Poster
CrossMAE: Cross-Modality Masked Autoencoders for Region-Aware Audio-Visual Pre-Training
Yuxin Guo · Siyang Sun · Shuailei Ma · Kecheng Zheng · Xiaoyi Bao · Shijie Ma · Wei Zou · Yun Zheng
Arch 4A-E Poster #248
Learning joint and coordinated features across modalities is essential for many audio-visual tasks. Existing pre-training methods primarily focus on global information, neglecting fine-grained features and positions, leading to suboptimal performance in dense prediction tasks. To address this issue, we take a further step towards region-aware audio-visual pre-training and propose CrossMAE, which excels in cross-modality interaction and region alignment.
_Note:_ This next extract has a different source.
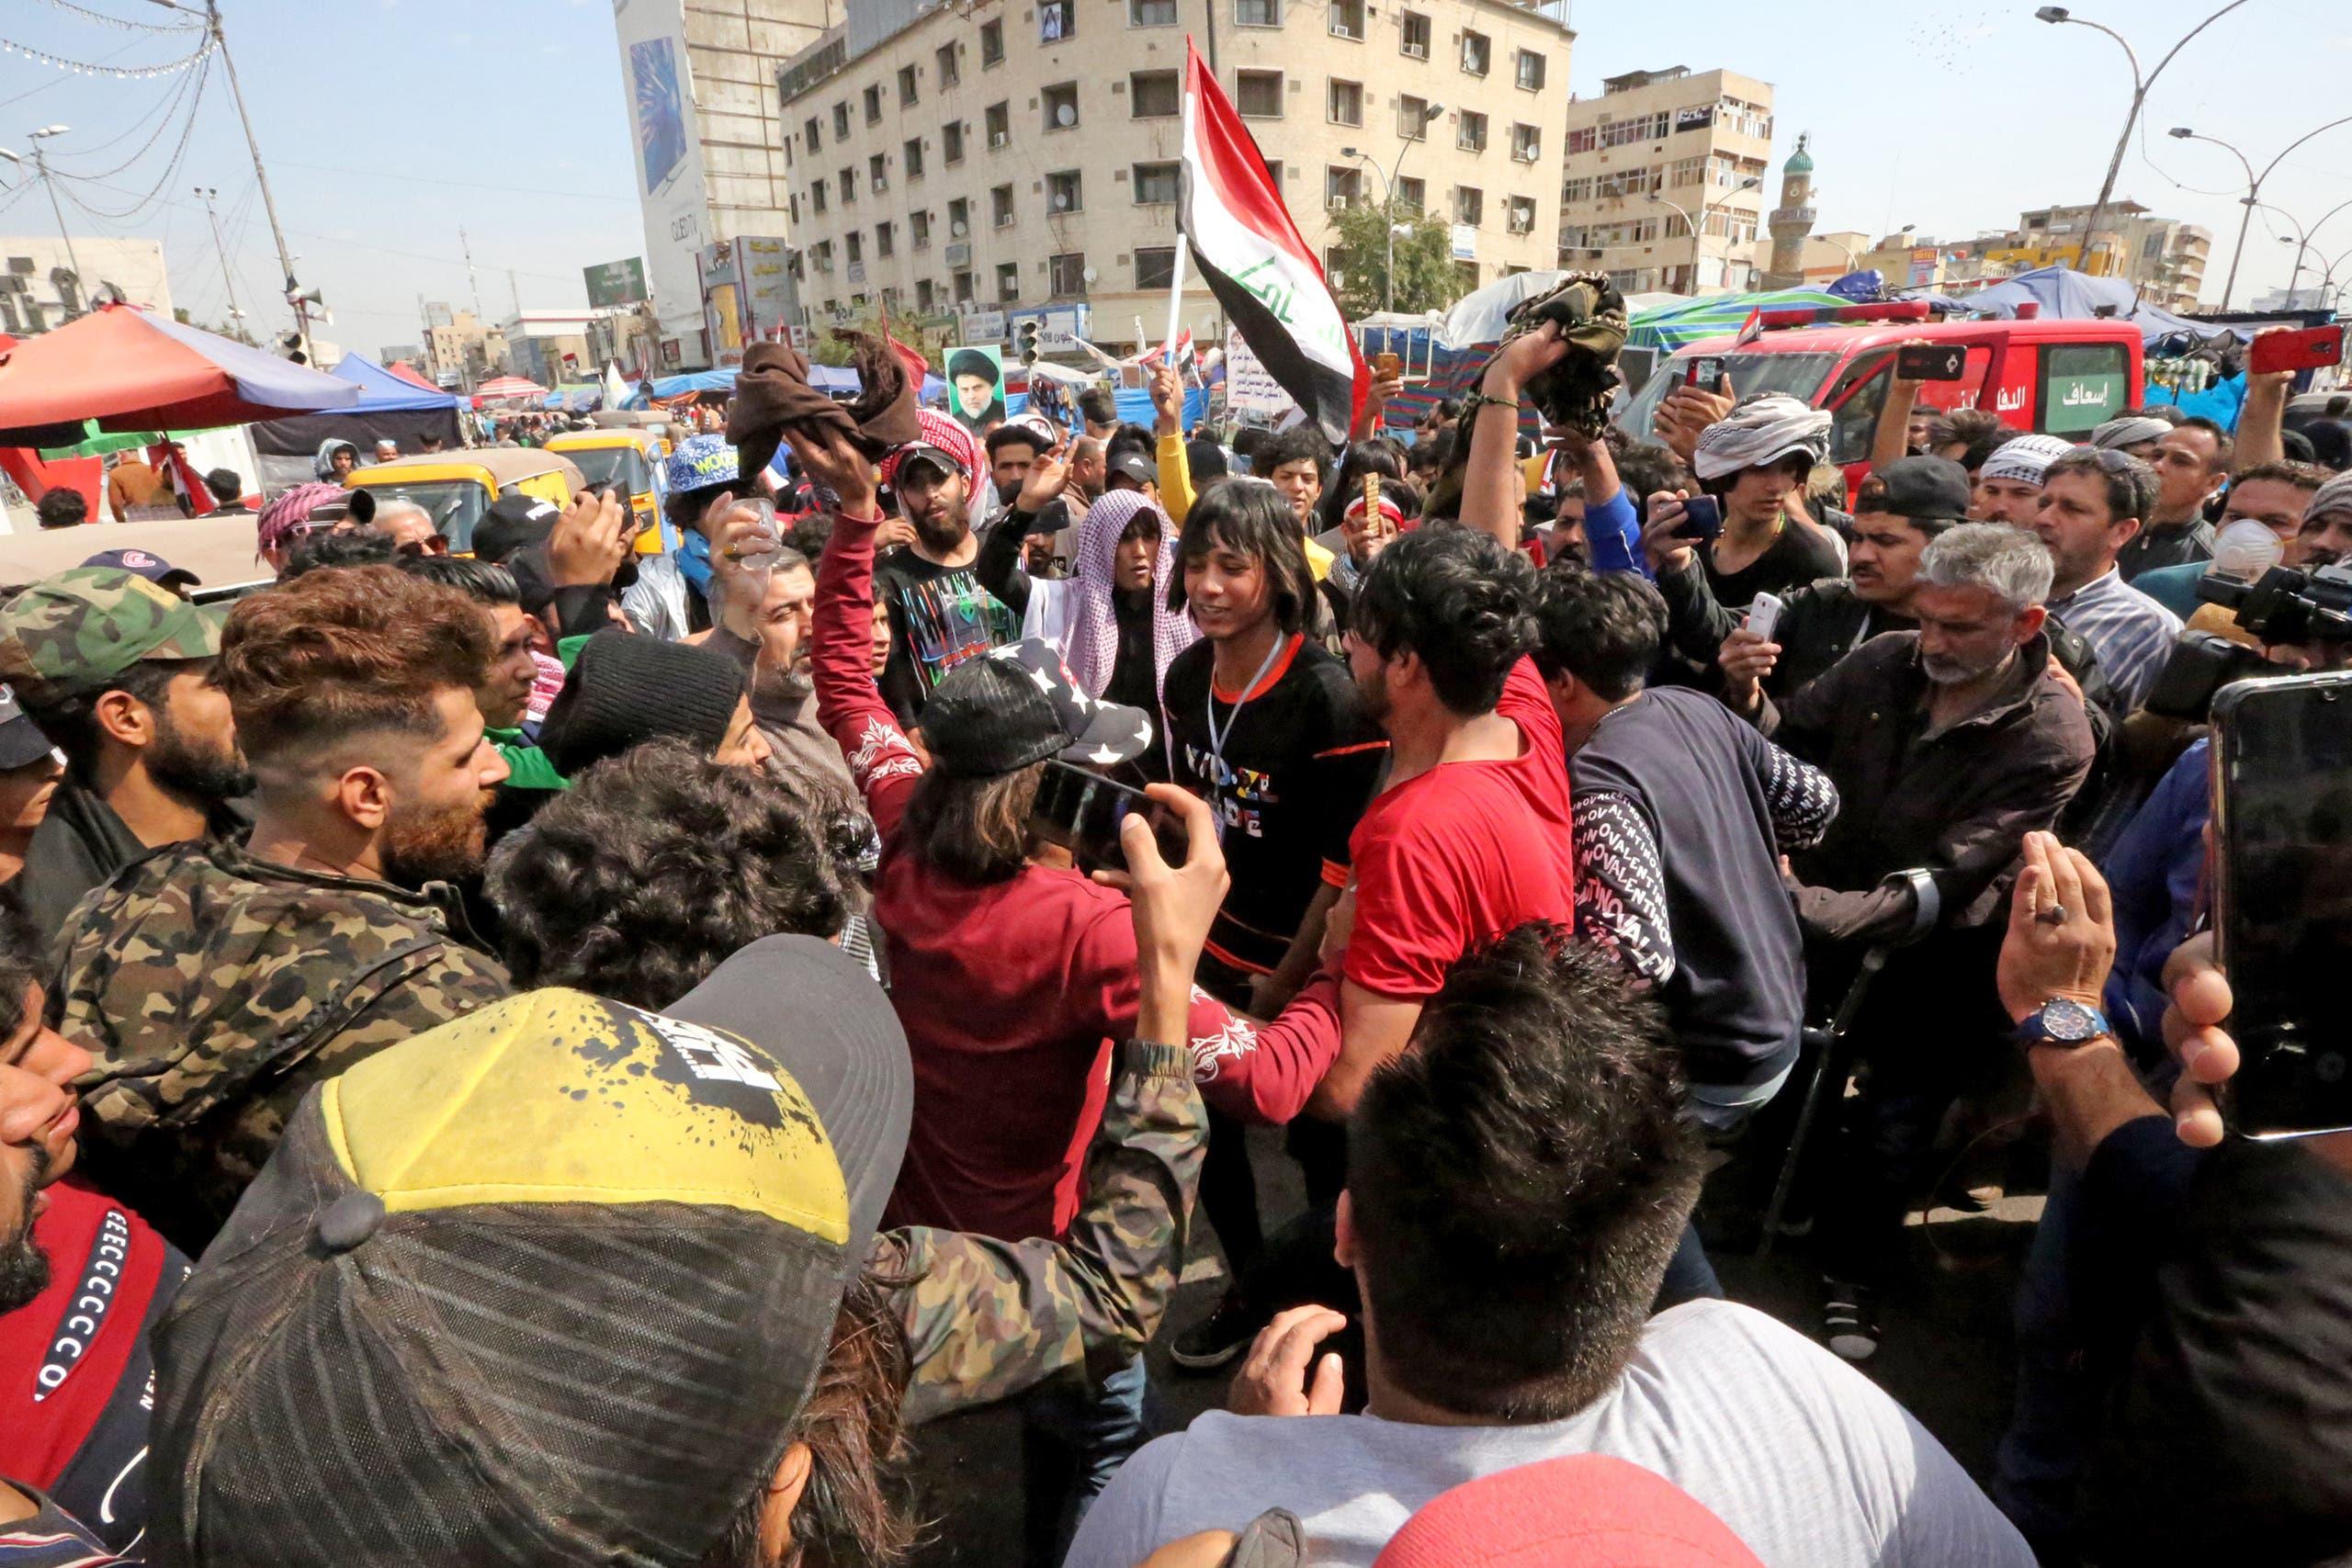 من ساحة التحرير في بغداد (الاول من مارس- فرانس برس)

Specifically, we devise two masked autoencoding (MAE) pretext tasks at both pixel and embedding levels, namely Cross-Conditioned Reconstruction and Cross-Embedding Reconstruction. Taking the visual modality as an example (the same goes for audio), in Cross-Conditioned Reconstruction, the visual modality reconstructs the input image pixels conditioned on audio Attentive Tokens. As for the more challenging Cross-Embedding Reconstruction, unmasked visual tokens reconstruct complete audio features under the guidance of learnable queries implying positional information, which effectively enhances the interaction between modalities and exploits fine-grained semantics. Experimental results demonstrate that CrossMAE achieves state-of-the-art performance not only in classification and retrieval, but also in dense prediction tasks. Furthermore, we dive into the mechanism of modal interaction and region alignment of CrossMAE, highlighting the effectiveness of the proposed components.